Assignment:
When you transcribe the lines below, keep every word the same and leave the pictures behind.

Collected material:
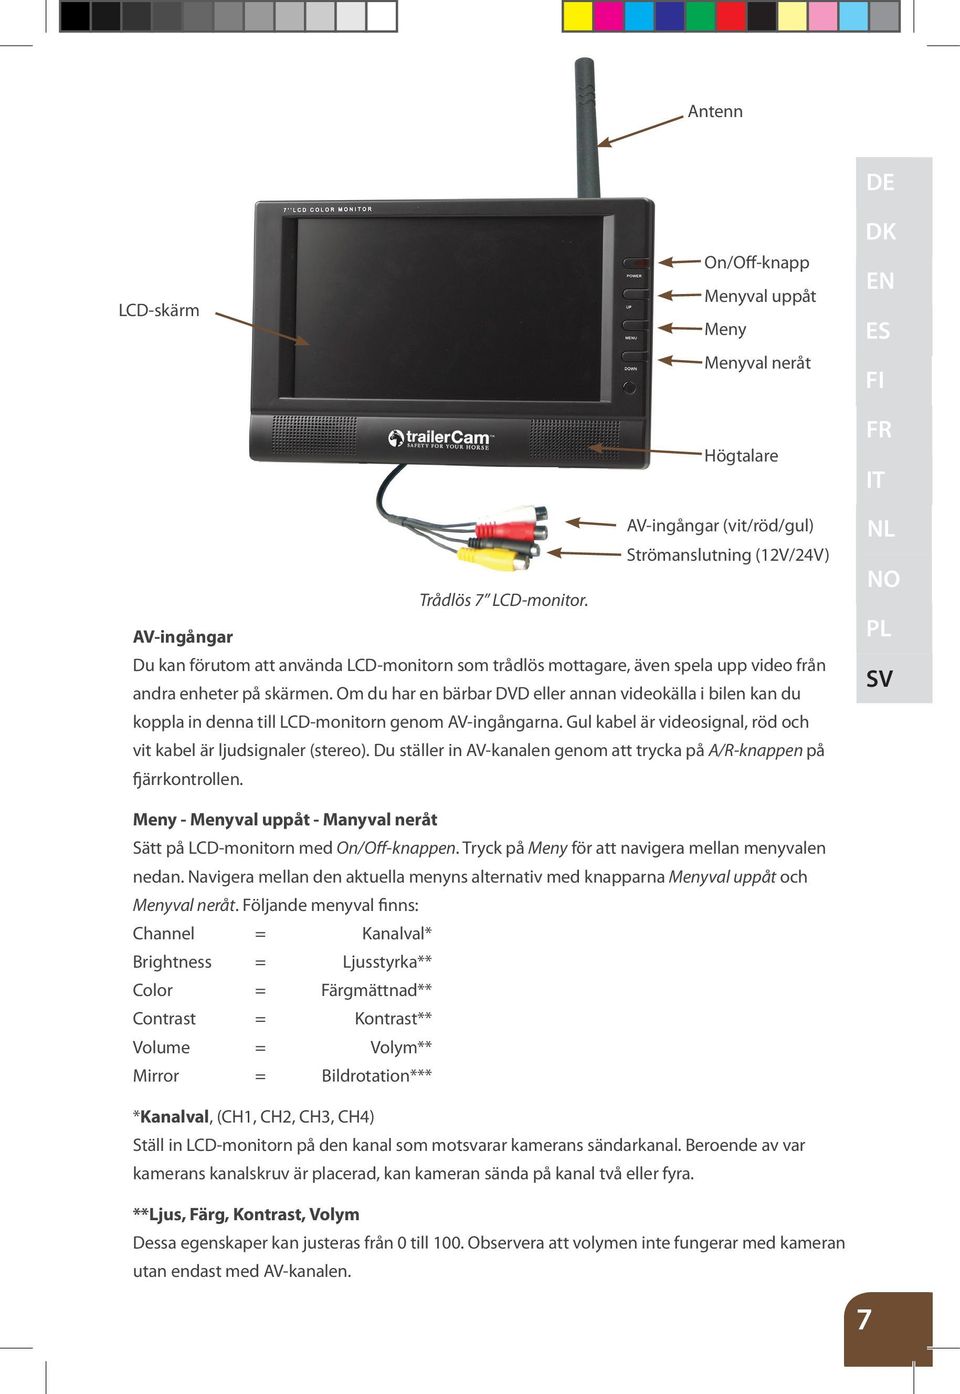 Om du har en bärbar DVD eller annan videokälla i bilen kan du koppla in denna till LCD-monitorn genom AV-ingångarna. Gul kabel är videosignal, röd och vit kabel är ljudsignaler (stereo).
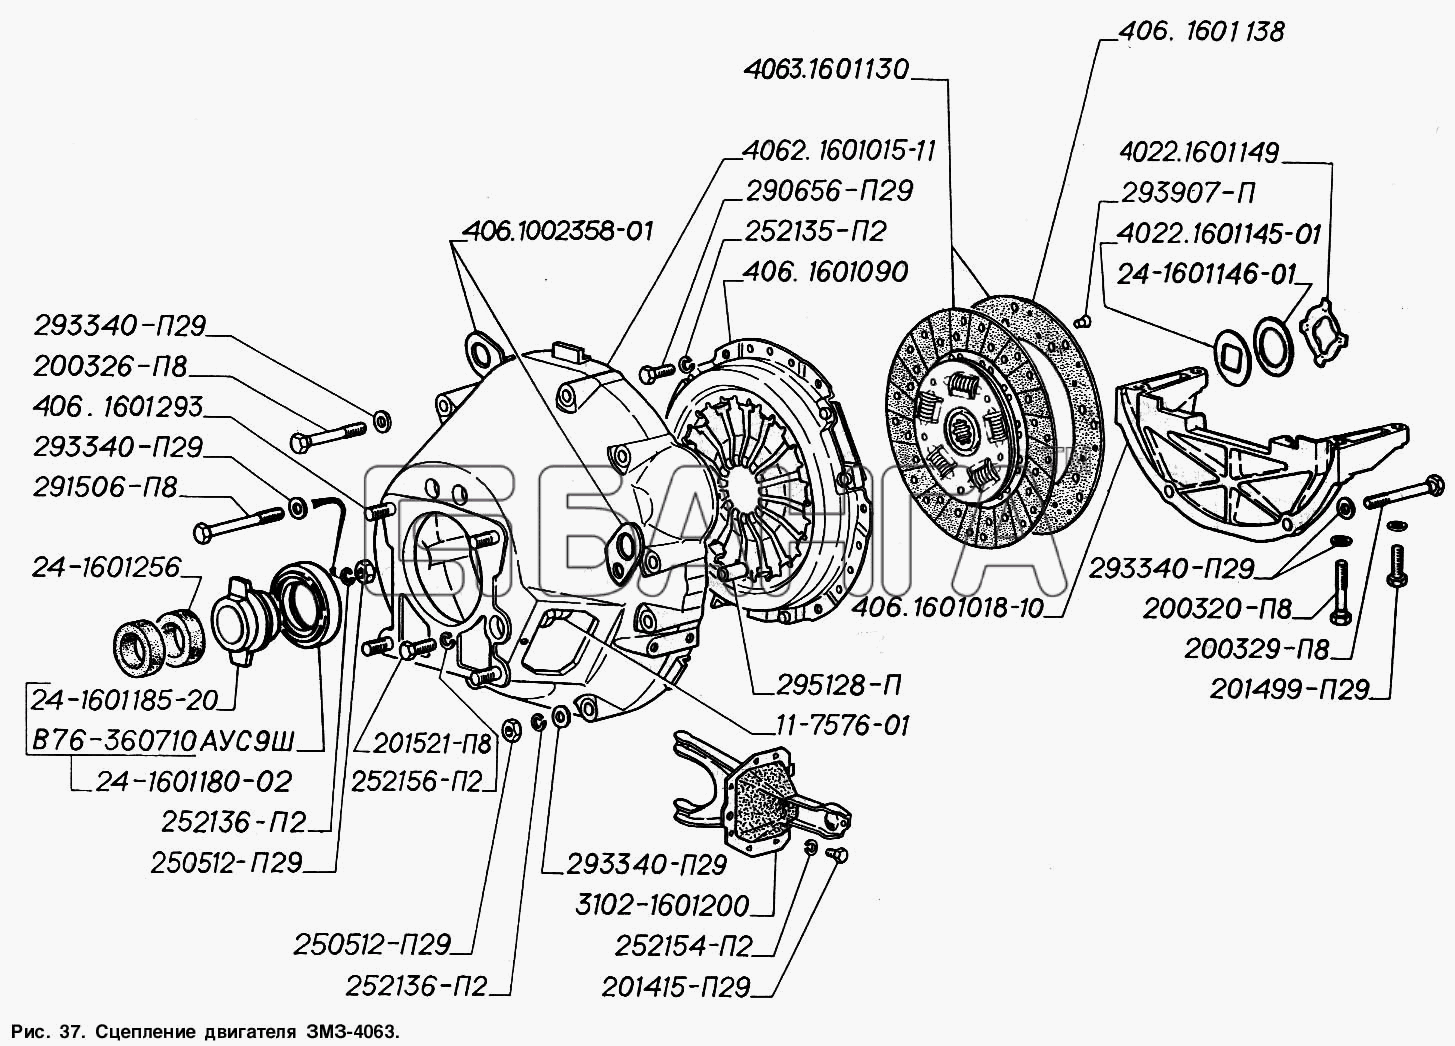 ГАЗ ГАЗ-2217 (Соболь) Схема Сцепление двигателя ЗМЗ-4063-101 banga.ua
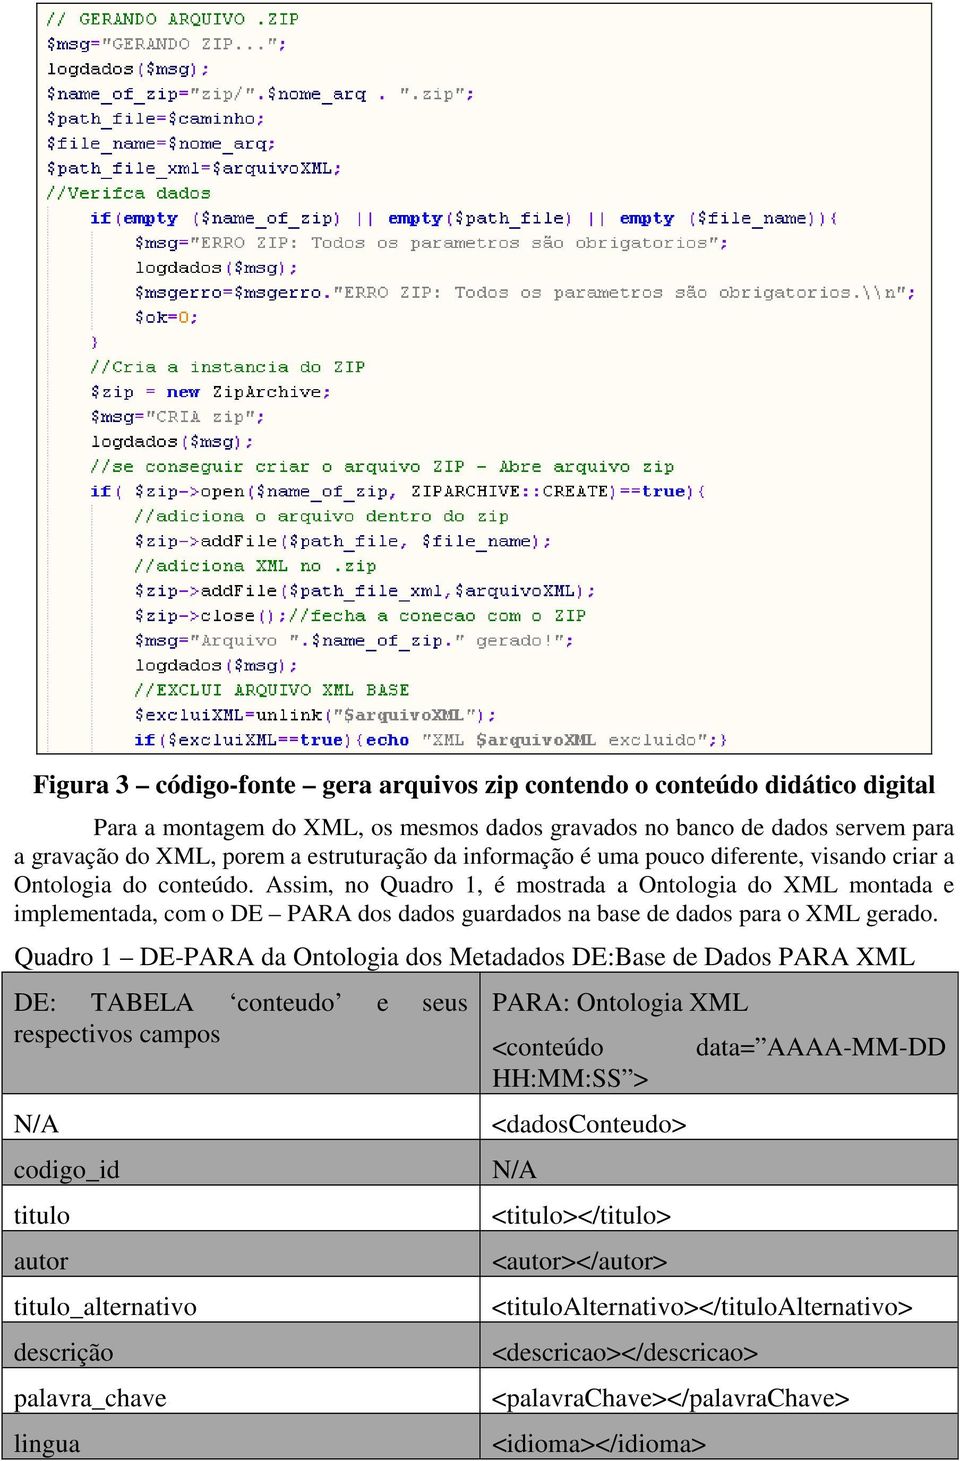 Assim, no Quadro 1, é mostrada a Ontologia do XML montada e implementada, com o DE PARA dos dados guardados na base de dados para o XML gerado.
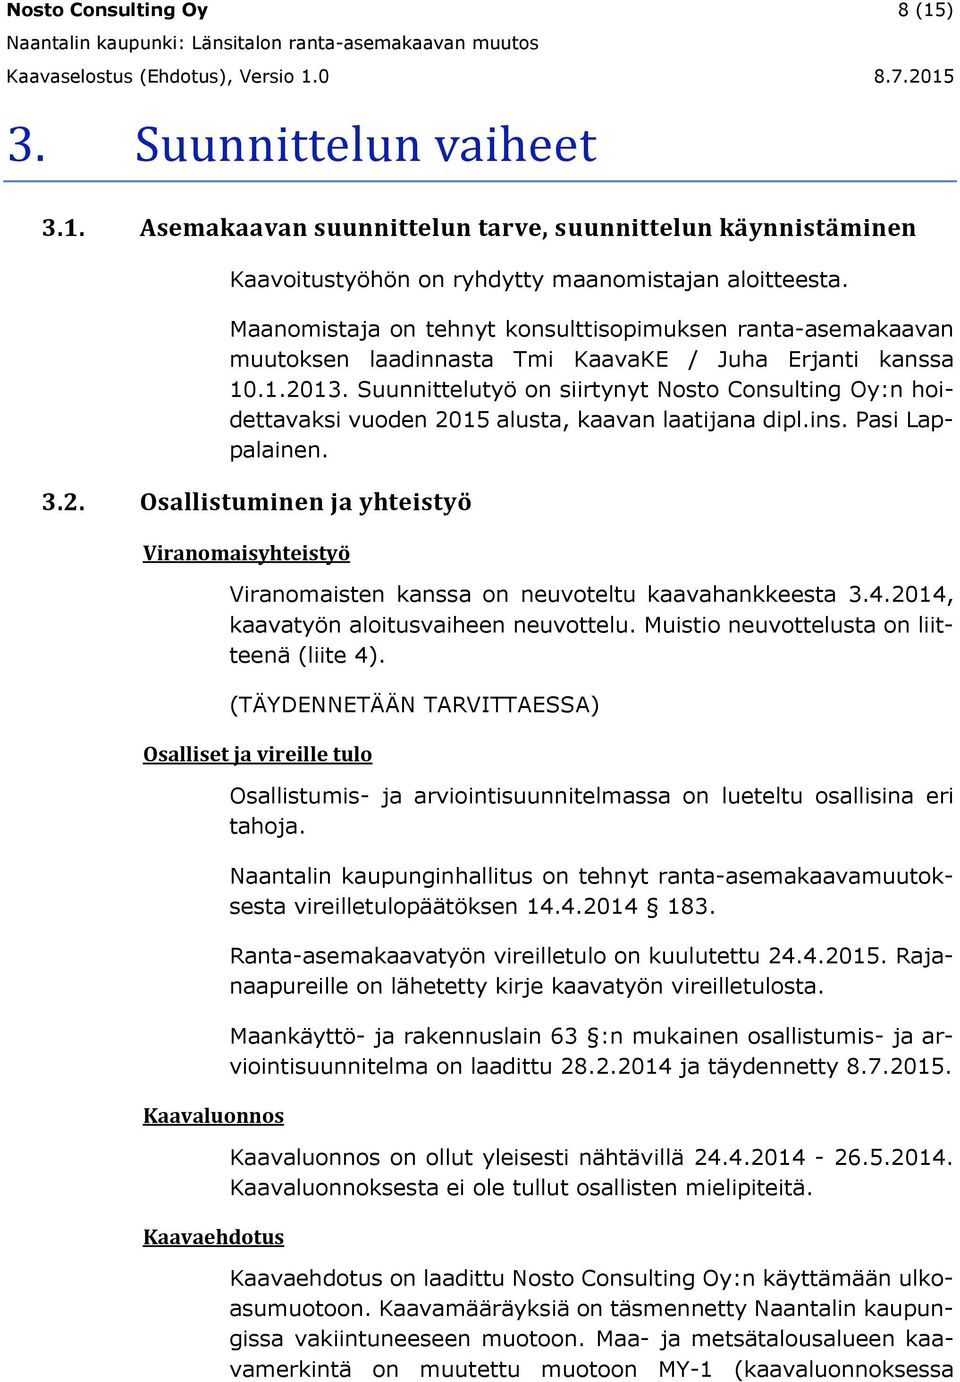 Suunnittelutyö on siirtynyt Nosto Consulting Oy:n hoidettavaksi vuoden 2015 alusta, kaavan laatijana dipl.ins. Pasi Lappalainen. 3.2. Osallistuminen ja yhteistyö Viranomaisyhteistyö Viranomaisten kanssa on neuvoteltu kaavahankkeesta 3.

Written answer:
 Om du har en bärbar DVD eller annan videokälla i bilen kan du koppla in denna till LCD-monitorn genom AV-ingångarna. Gul kabel är videosignal, röd och vit kabel är ljudsignaler (stereo).
 ГАЗ ГАЗ-2217 (Соболь) Схема Сцепление двигателя ЗМЗ-4063-101 banga.ua
 Assim, no Quadro 1, é mostrada a Ontologia do XML montada e implementada, com o DE PARA dos dados guardados na base de dados para o XML gerado.
 Suunnittelutyö on siirtynyt Nosto Consulting Oy:n hoidettavaksi vuoden 2015 alusta, kaavan laatijana dipl.ins. Pasi Lappalainen. 3.2. Osallistuminen ja yhteistyö Viranomaisyhteistyö Viranomaisten kanssa on neuvoteltu kaavahankkeesta 3.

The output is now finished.